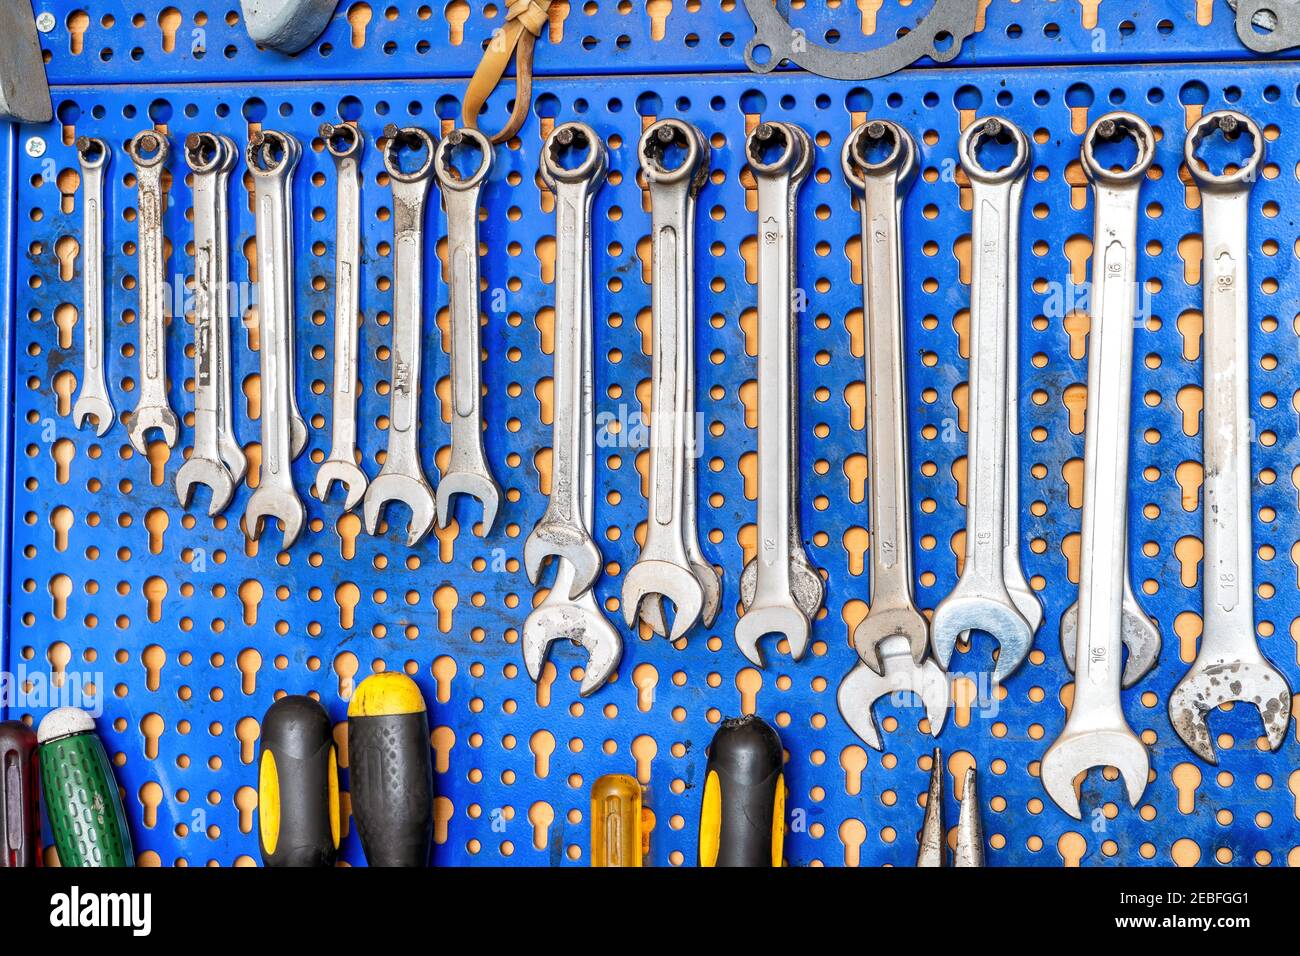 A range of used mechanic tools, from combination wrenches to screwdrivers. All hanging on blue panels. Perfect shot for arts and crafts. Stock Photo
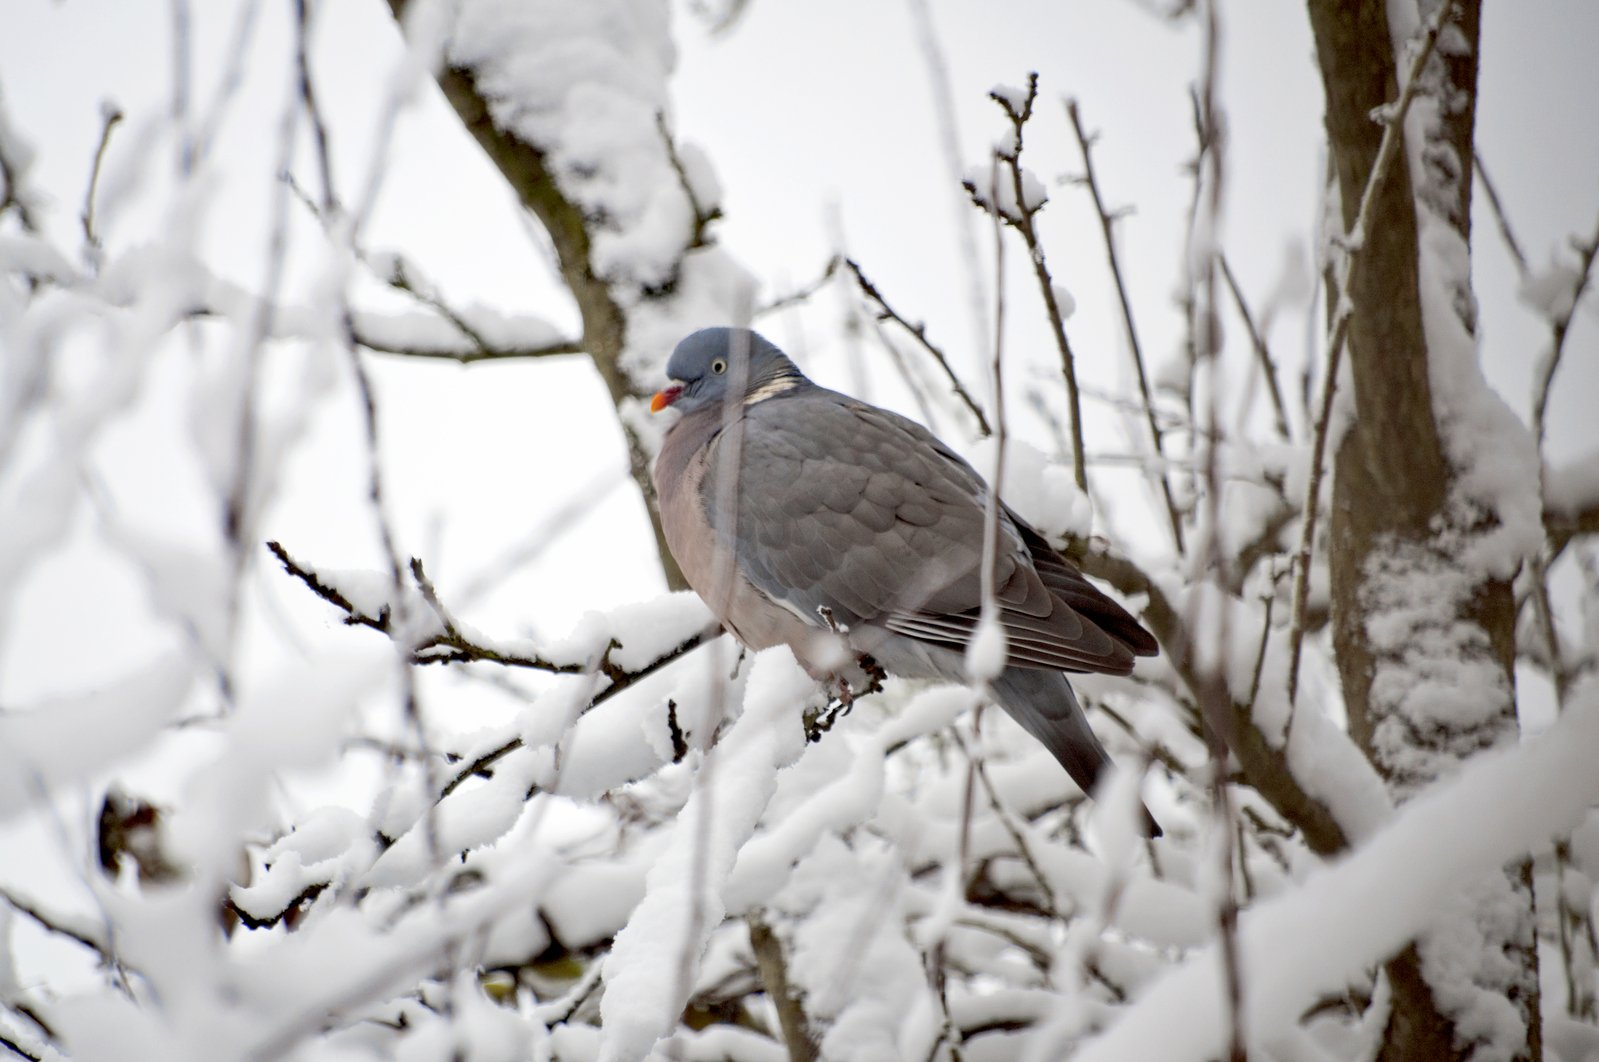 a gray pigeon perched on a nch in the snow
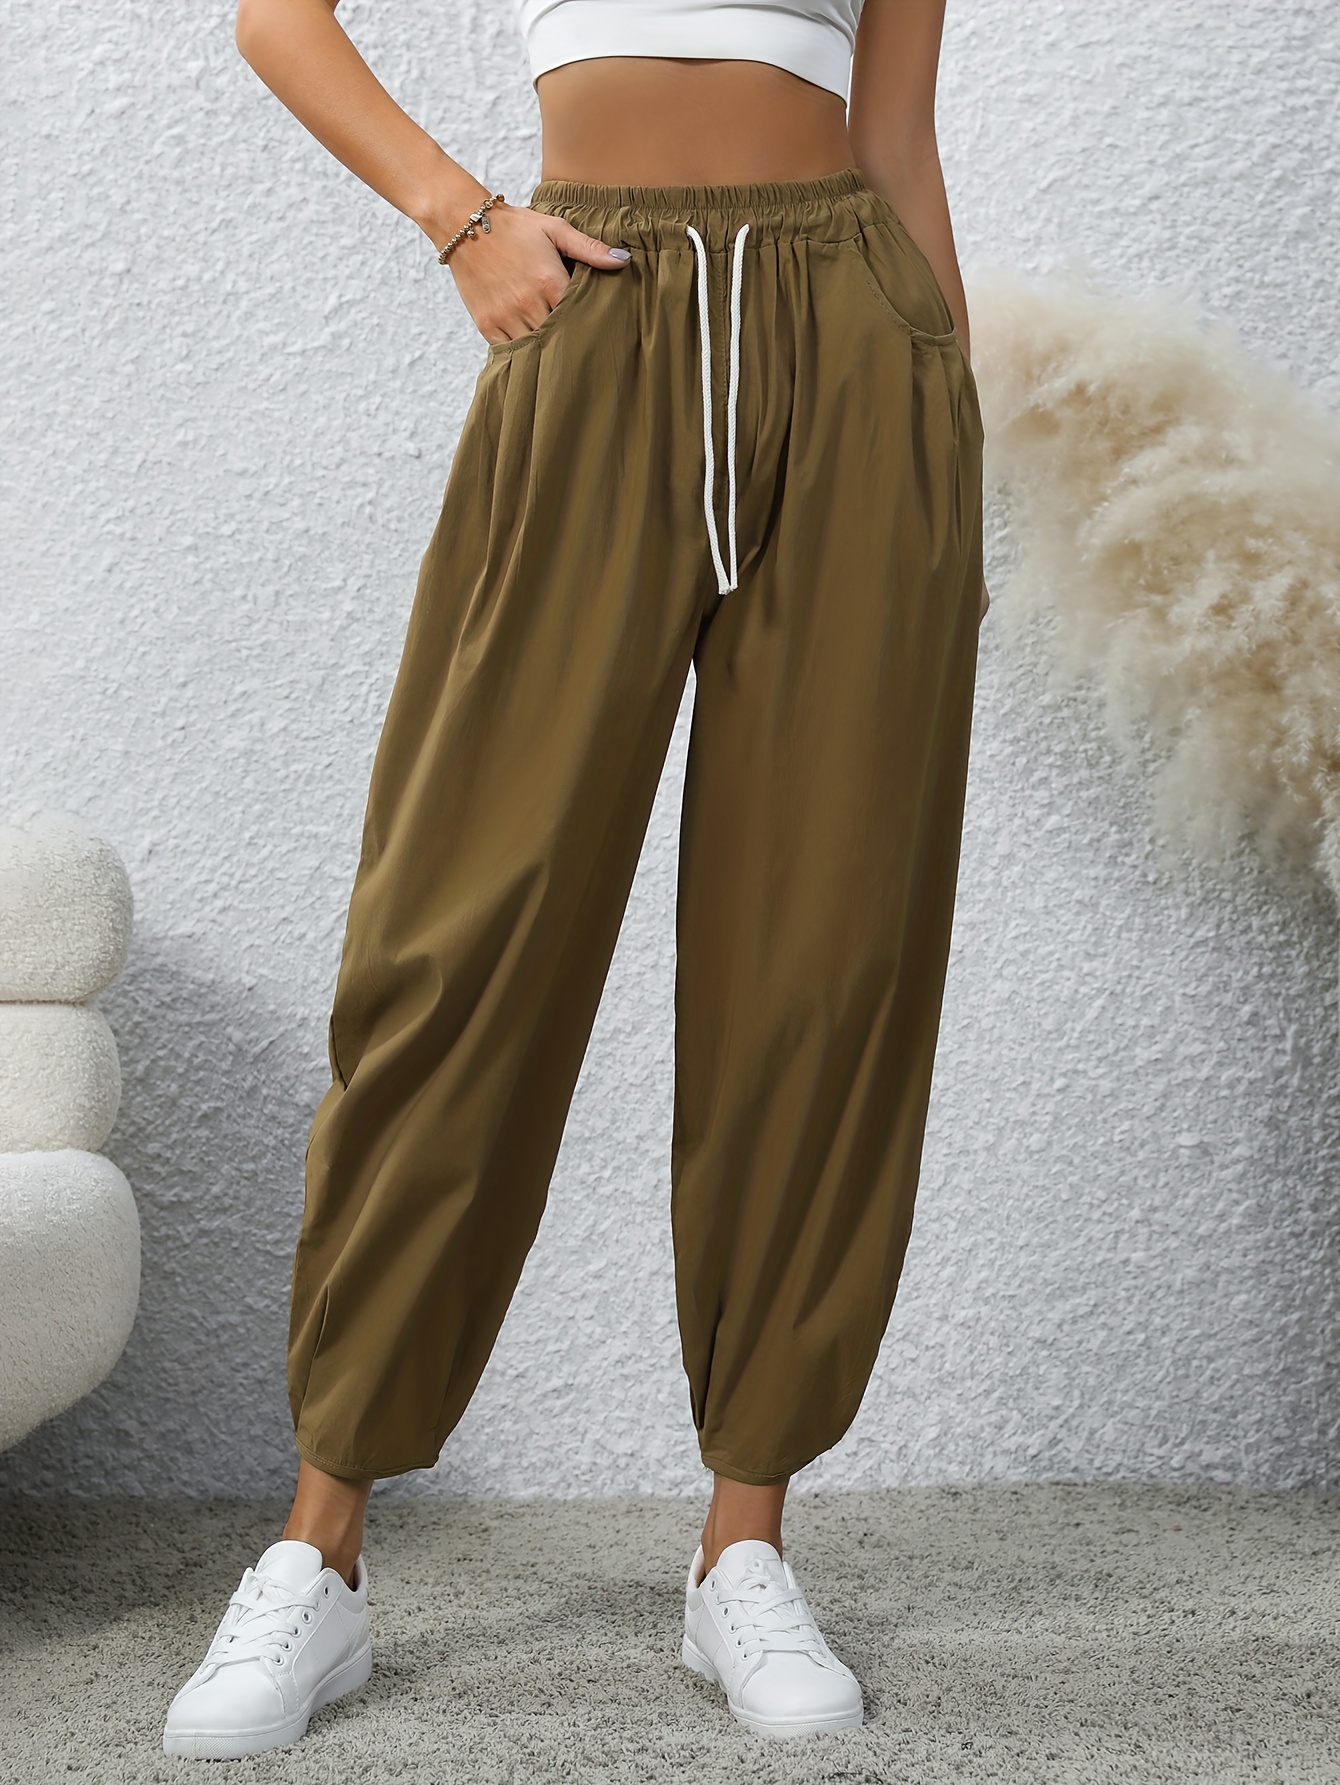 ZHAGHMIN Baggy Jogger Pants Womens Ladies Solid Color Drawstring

□ □ □ □

The task: The data above must be reproduced exactly, without any of its pictures.

Solution:
 A range of used mechanic tools, from combination wrenches to screwdrivers. All hanging on blue panels. Perfect shot for arts and crafts. Stock Photo
 a gray pigeon perched on a nch in the snow
 ZHAGHMIN Baggy Jogger Pants Womens Ladies Solid Color Drawstring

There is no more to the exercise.